Hello DevOps Automations Engineers!!

 Ansible provides us special command 'ansible-vault' that is used to encrypt, decrypt, view an Ansible  playbook, this is also have amazing feature specific to role, vars YAML files, we can apply this to string of text in regular variables. 

Why do we need to encrypt our Play books?

Our Ansible automation projects, we need to work on multiple tasks and which may have some sensitive data such as database user credentials, any cloud IAM role details or it can be some other applications login credentials that's used to validate URL availability. Or it can be used to store the SSL certificates. At any point of time if the system is using plain text and it  has trouble to your confidential and sensitive data otherwise it could causes huge damage to your organization. Where we need a way to store the sensitive data can be protected by data encryption tool, and this can be done using the Ansible-vault command. 


Let's see the ansible-vault command help, in this we will experiment with what all the options we have to play with encryption and decryption of plain text in a file, string, entire YAML file also can be locked with this.
ansible-vault --help
usage: ansible-vault [-h] [--version] [-v] {create,decrypt,edit,view,encrypt,encrypt_string,rekey} ...

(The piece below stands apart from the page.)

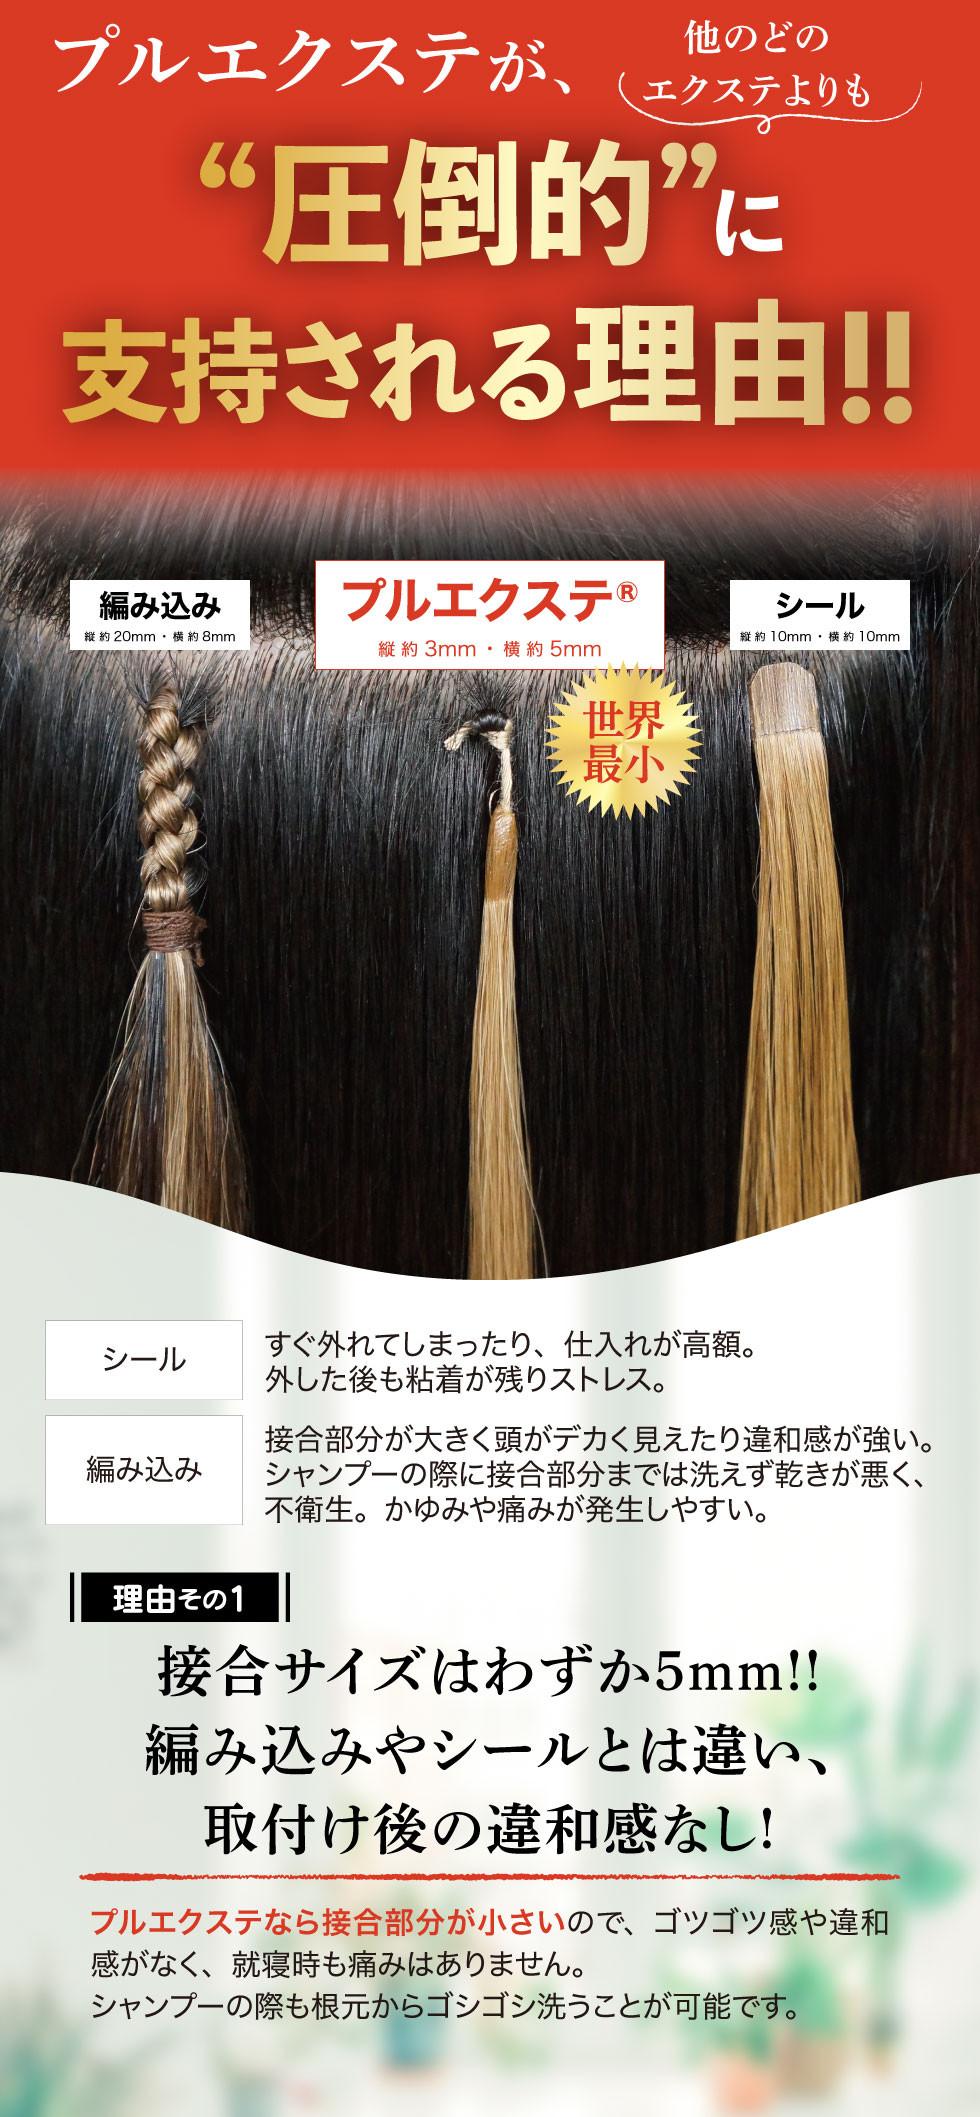 2005_事例広告LP_08.jpg
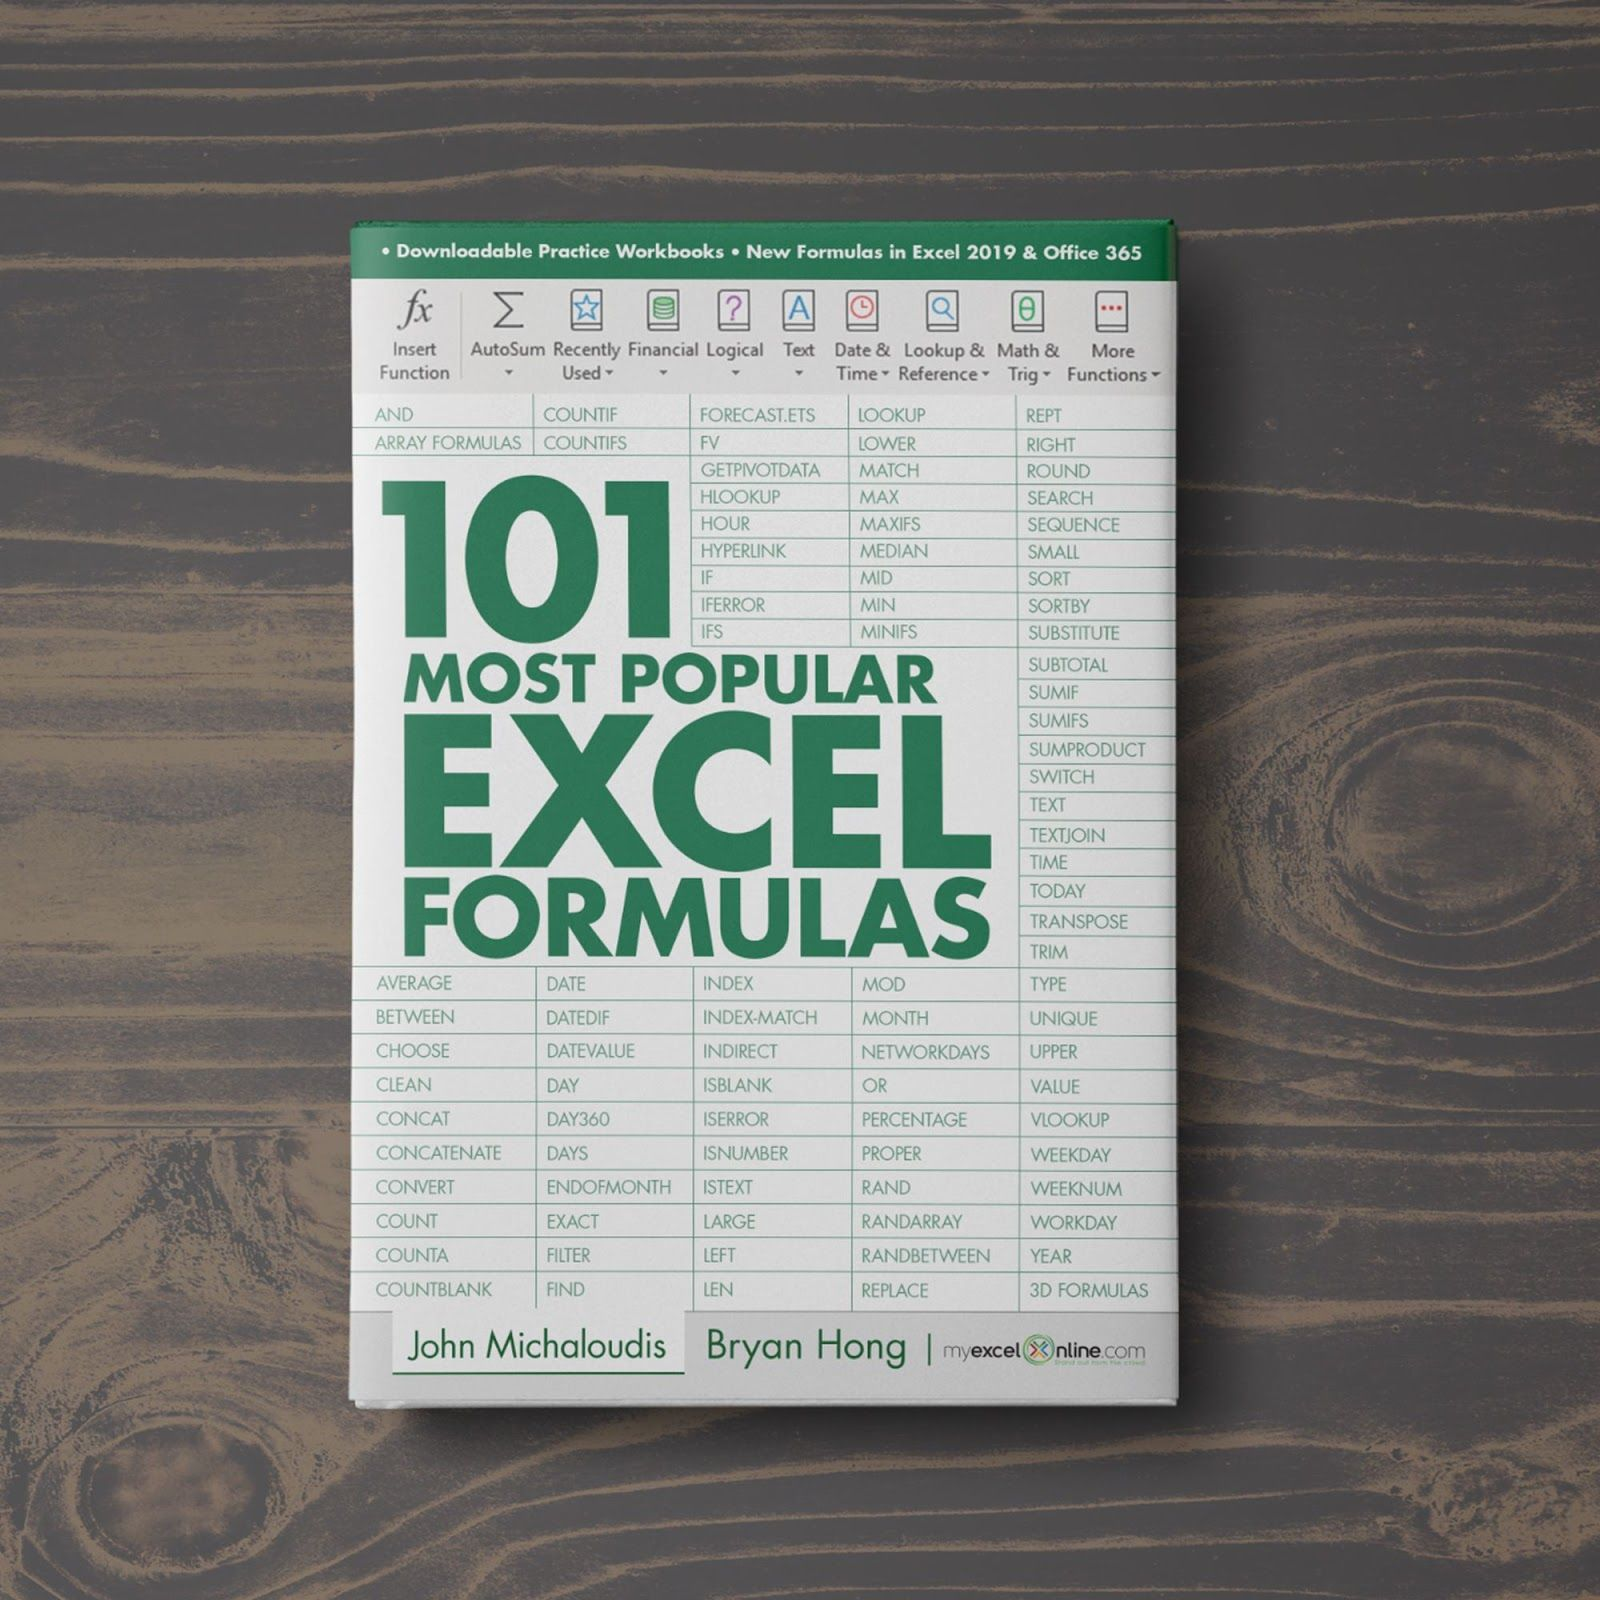 0b303417d7983d558358eebb9d62f157 in 2020 Excel formula

encryption/decryption utility for Ansible data files

positional arguments:
  {create,decrypt,edit,view,encrypt,encrypt_string,rekey}
    create              Create new vault encrypted file
    decrypt             Decrypt vault encrypted file
    edit                Edit vault encrypted file
    view                View vault encrypted file
    encrypt             Encrypt YAML file
    encrypt_string      Encrypt a string
    rekey               Re-key a vault encrypted file

ansible-vault with create option

The create option will help us to create new encrypted file, when you execute this it will prompt for a password, confirm password for the Vaultify YAML file, once you entered the credentials it will be opens the default editor  and you may enter the text in that and save the file. When you view the content of the file it will be encrypted 

ansible-vault create vault.yml
Here in place of vault.yml you can use your confidential file.

ansible-vault create 


Encrypt

The encrypt option will enable us to do encrypt any file content, that can be a plain text file or our ansible playbooks.

echo "unencrypted stuff"> encrypt_me.txt
cat encrypt_me.txt
ansible-vault encrypt encrypt_me.txt
cat encrypt_me.txt
Ansible-vault for encryption of a file


Decrypt

ansible-vault decrypt vault.yml
  

View

You can view the content of a encrypted file it can be any playbook or vars which you only owner and  aware of the key to open it.

ansible-vault view valut.yml


Edit

When we have encrypted file that may be created using 'create' or 'encrypt' option of ansible-vault command we can use the following way to edit the file. where the Ansible will prompt for password.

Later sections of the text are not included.